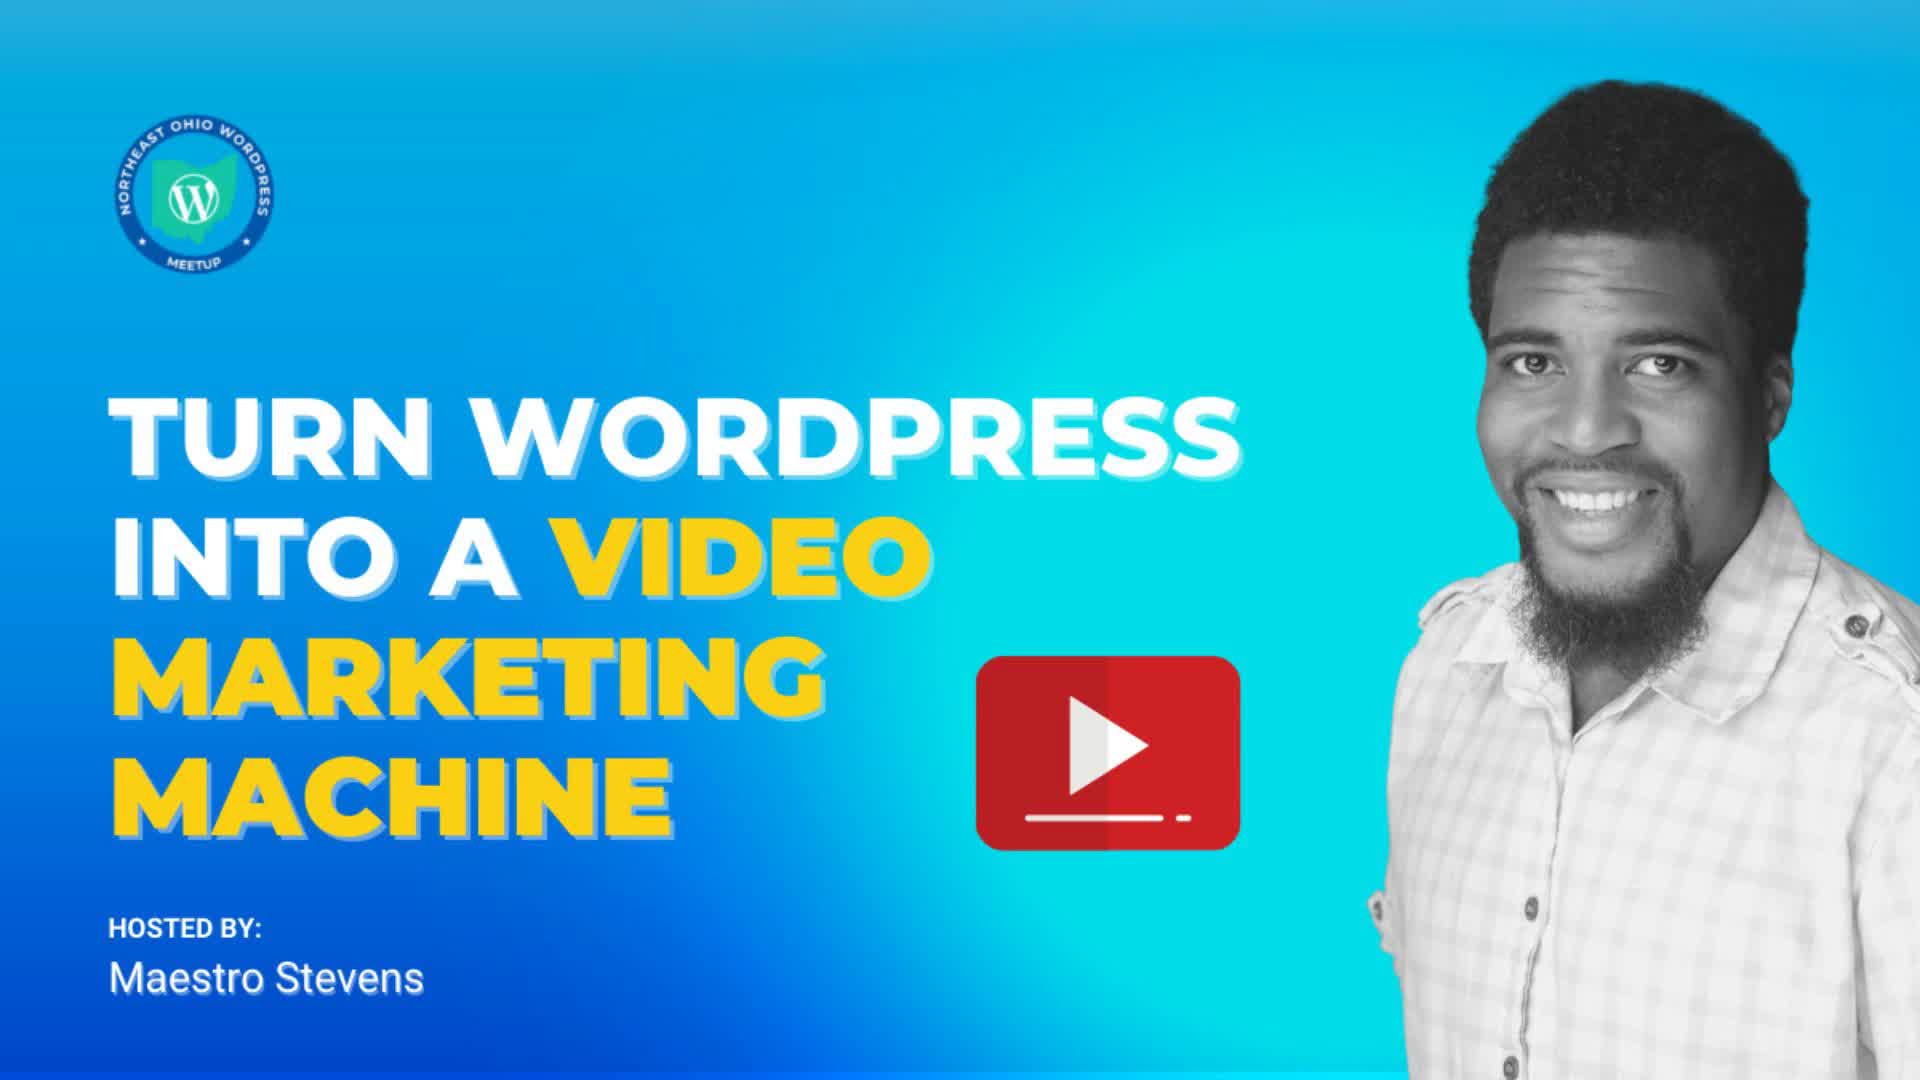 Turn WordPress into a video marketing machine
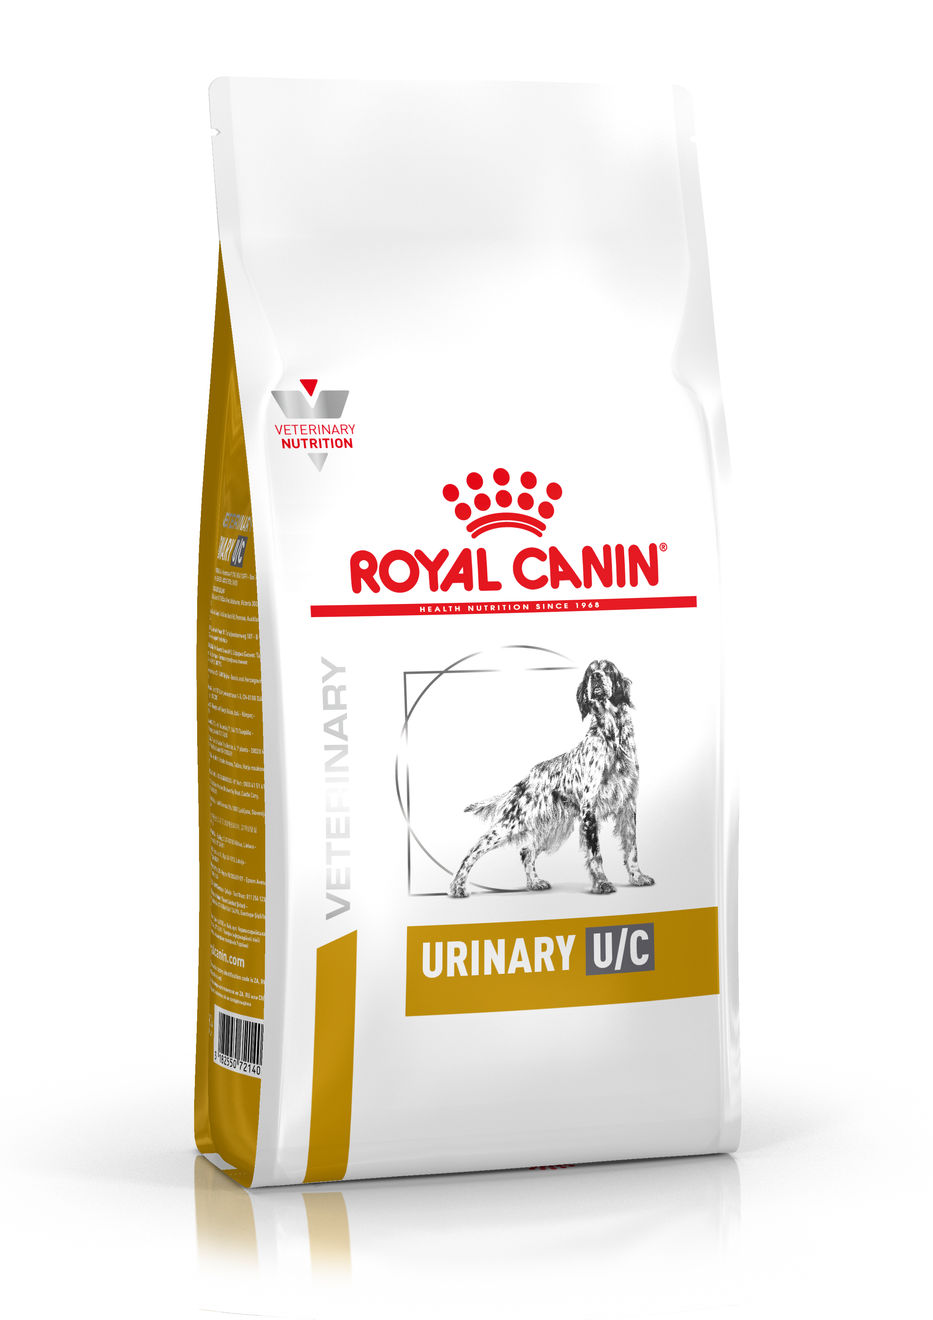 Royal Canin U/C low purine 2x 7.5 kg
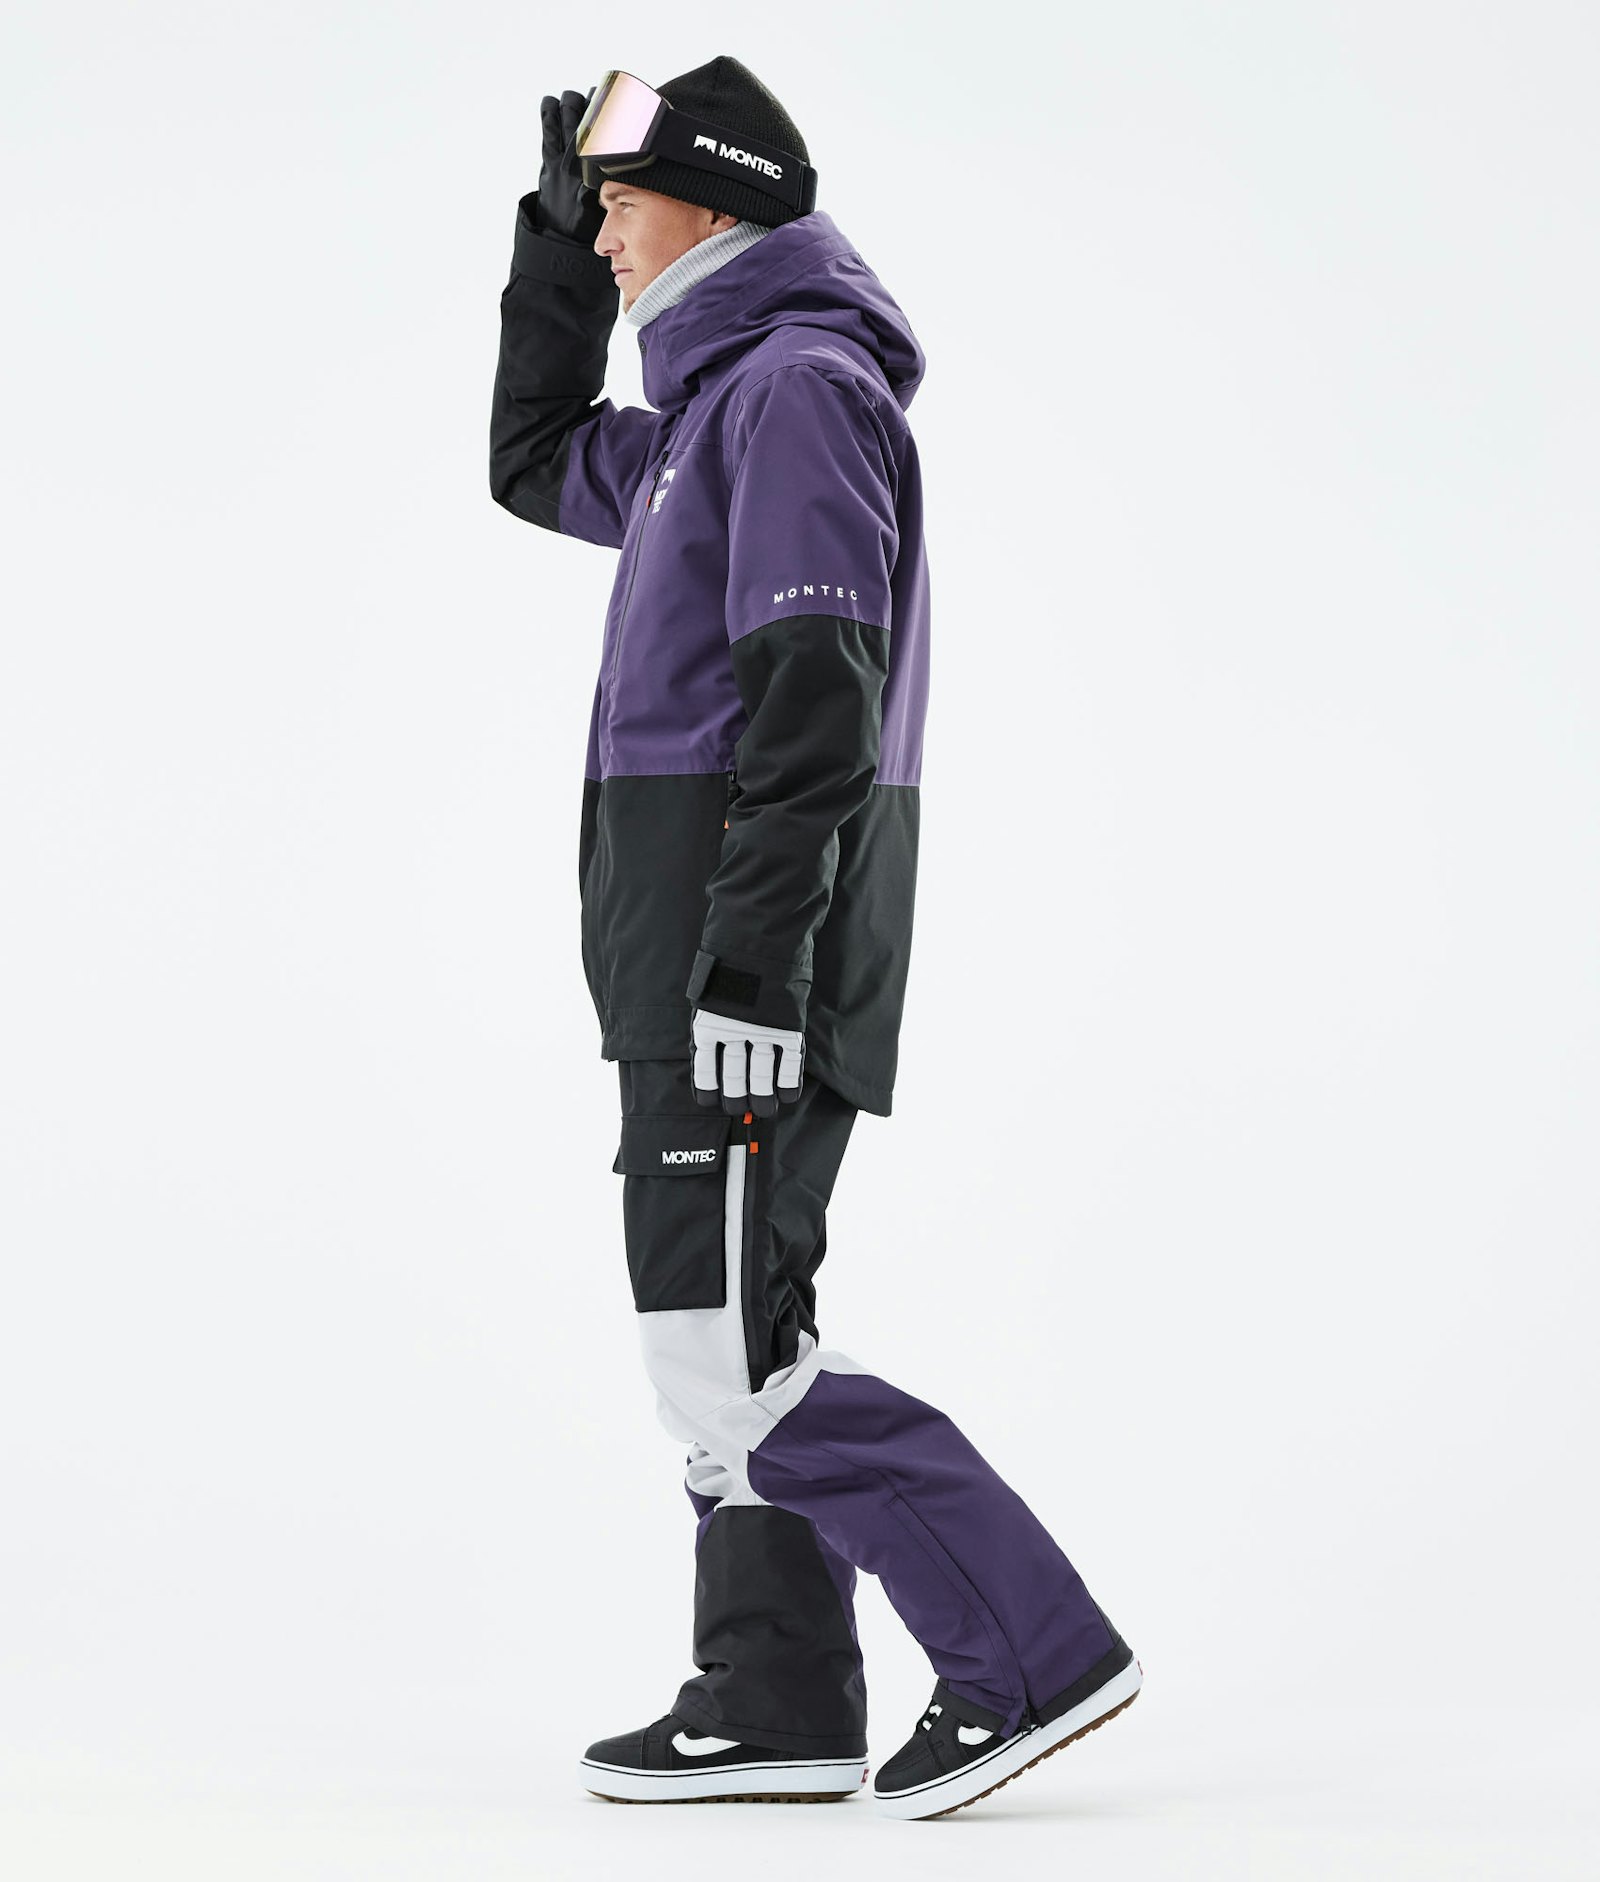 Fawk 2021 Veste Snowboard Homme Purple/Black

───

▶ **Task statement**: Through to the final line, copy the material above exactly and skip the images.

▶ **Result**:
 Turn WordPress into a video marketing machine
 Royal Canin U/C low purine 2x 7.5 kg
 Fawk 2021 Veste Snowboard Homme Purple/Black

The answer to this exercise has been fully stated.